HomeOracle Page 2 - Large Database Features In Oracle
Implement Data Partitioning - Oracle
When you are working with large databases with Oracle Database 10g, there are certain topics with which you need to be familiar. These topics are covered in this article, the first of two parts. It is excerpted from chapter nine of the book Oracle Database 10g A Beginner's Guide, written by Ian Abramson et al (McGraw-Hill/Osborne, 2004; ISBN: 0072230789).
Implementing data partitioning in Oracle Database 10g is a process that requires careful planning to ensure success. You will need to understand your database environment, hardware, structures, and data before you can make the appropriate decisions. In the next few sections, we will outline the steps you will take when partitioning. Let’s start by looking at the characteristics of the candidate table.
Analyze the Candidate Table
The first step in the partitioning process is to analyze and understand the candidate table, its environment and its uses. Following are some criteria to consider.
Table Structure and Data Contents You will need to look at what attributes are available and what is the distribution of the data within each attribute. You must consider currently available data as well as projected future data. The distribution of data over each attribute is important because you want to ensure that the resulting data subsets are evenly distributed across the defined partitions.
Consider a table called PHONE_USAGE that contains detailed mobile phone call records with over 300 million records per month. It has many attributes including the toll type (toll_type_cd) and the date of call (call_date). Table 9-1 shows a sample row count for a month by toll_type_cd. As you can see, using this attribute would probably not be an ideal choice by which to create subsets since the distribution is heavily skewed toward LOCAL calls.
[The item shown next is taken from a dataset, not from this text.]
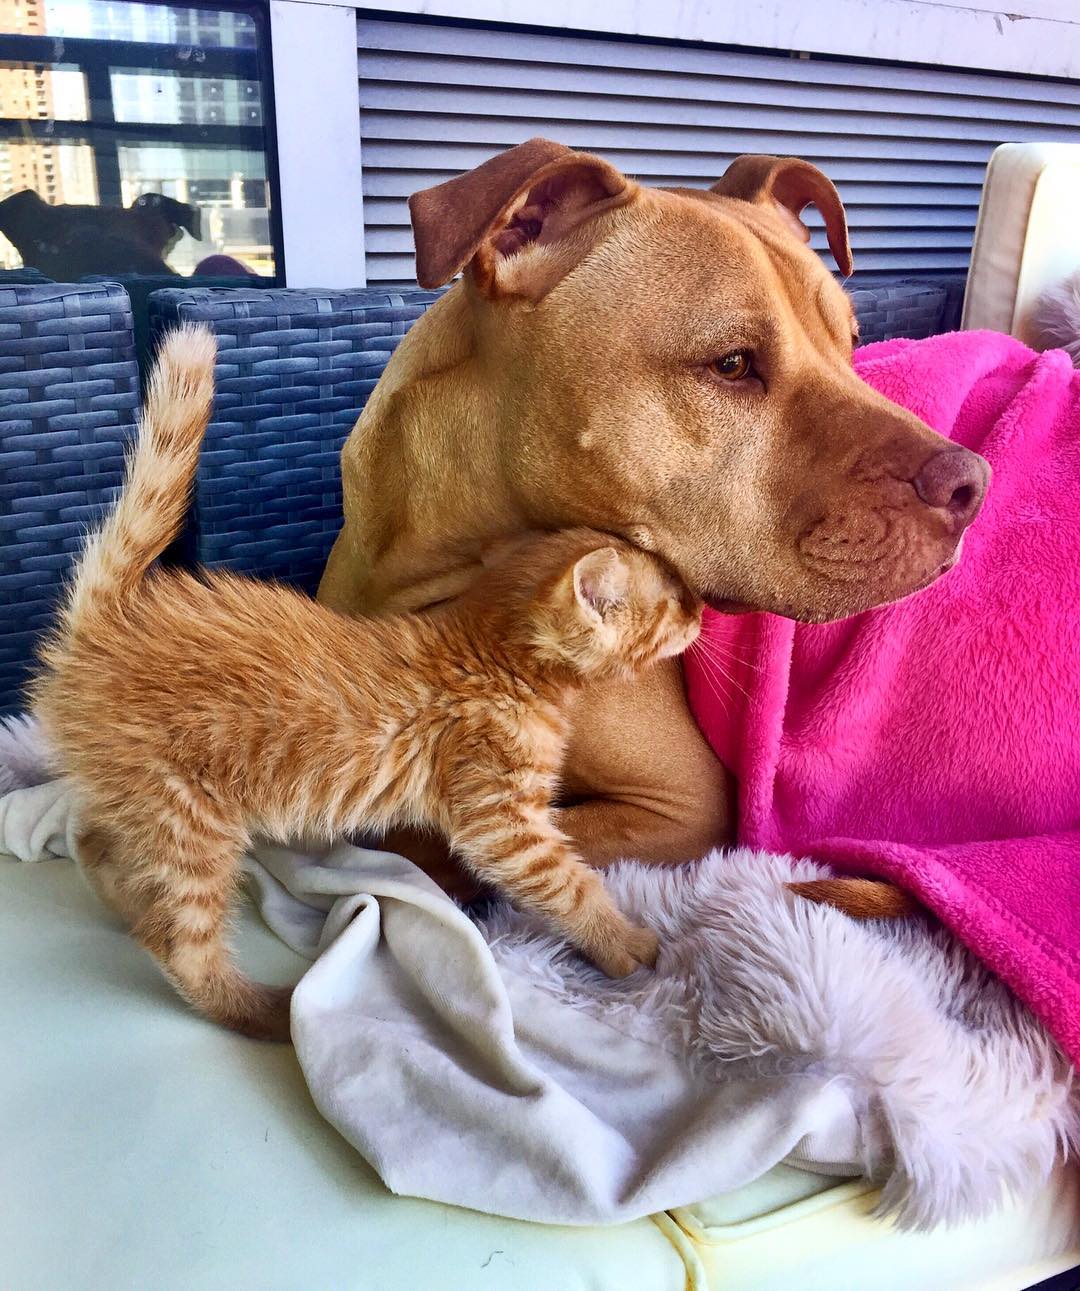 https://www.thedodo.com/rescue-pit-bull-adopted-kitten-1742584748.html

Table 9-2 looks at the distribution of the same data by the day of the week (for example, Sunday to Saturday based on call_date).
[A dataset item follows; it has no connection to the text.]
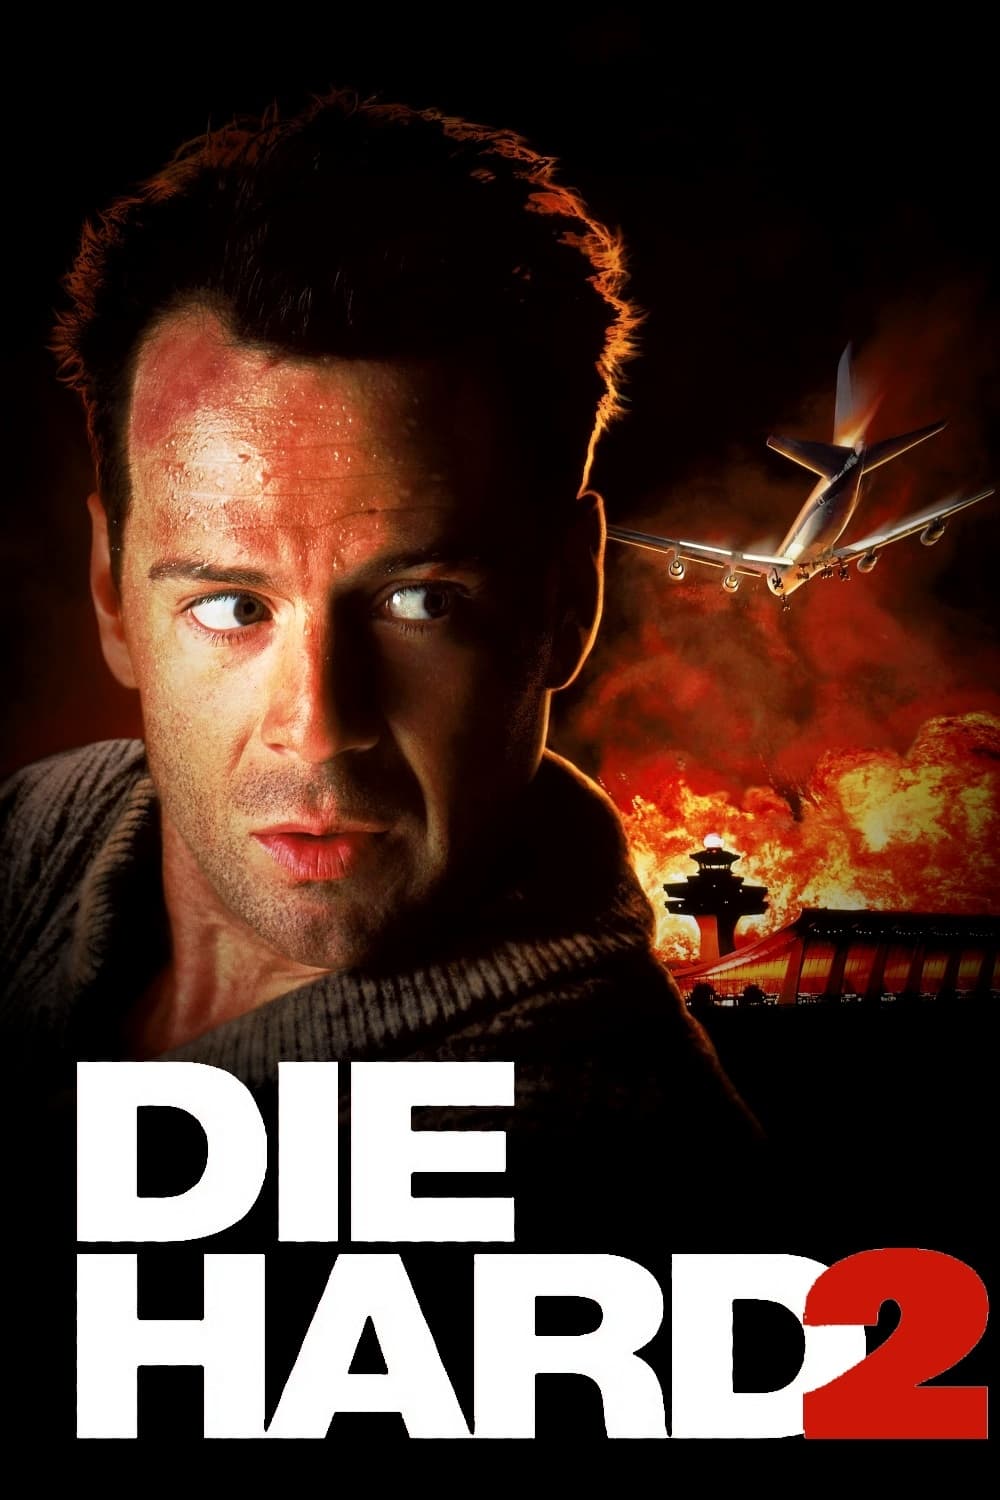 Poster for the movie "Die Hard 2"

We can see that the day of the week provides a relatively even distribution that is more suitable for partitioning.
How the Data Will Be Accessed To access the data, you will need to know what the commonest data selection criteria are. This is perhaps the most important part of the analysis because, as we stated earlier, query performance is the most noticeable
toll_type_cd
Record Count (Sample Month)
INTNL
27,296,802
CONTNL US
52,227,998
LOCAL
189,554,584
NRTH AMRCA
36,367,841
TABLE 9-1. Row Distribution by toll_type_cd Attribute
Day of the Week
Record Count (Sample Month)
(Based on call_date)
SUN
41,635,356
MON
44,235,019
TUE
42,875,502
WED
43,235,721
THU
43,922,997
FRI
45,005,293
SAT
44,537,337
TABLE 9-2. Row Distribution by Day of the Week
gain of data partitioning. In order for this to be realized, your data subsets need to be defined according to the commonest selection criteria so that unnecessary partitions can be pruned from the result set. The selection criteria will be determined largely by your user community and can be determined using historical query patterns (if available) or consulting business requirements.
Referring to our example using the SALES table, our analysis of query patterns for a three-month period (averaging 400 queries per month) yields the results shown in Table 9-3.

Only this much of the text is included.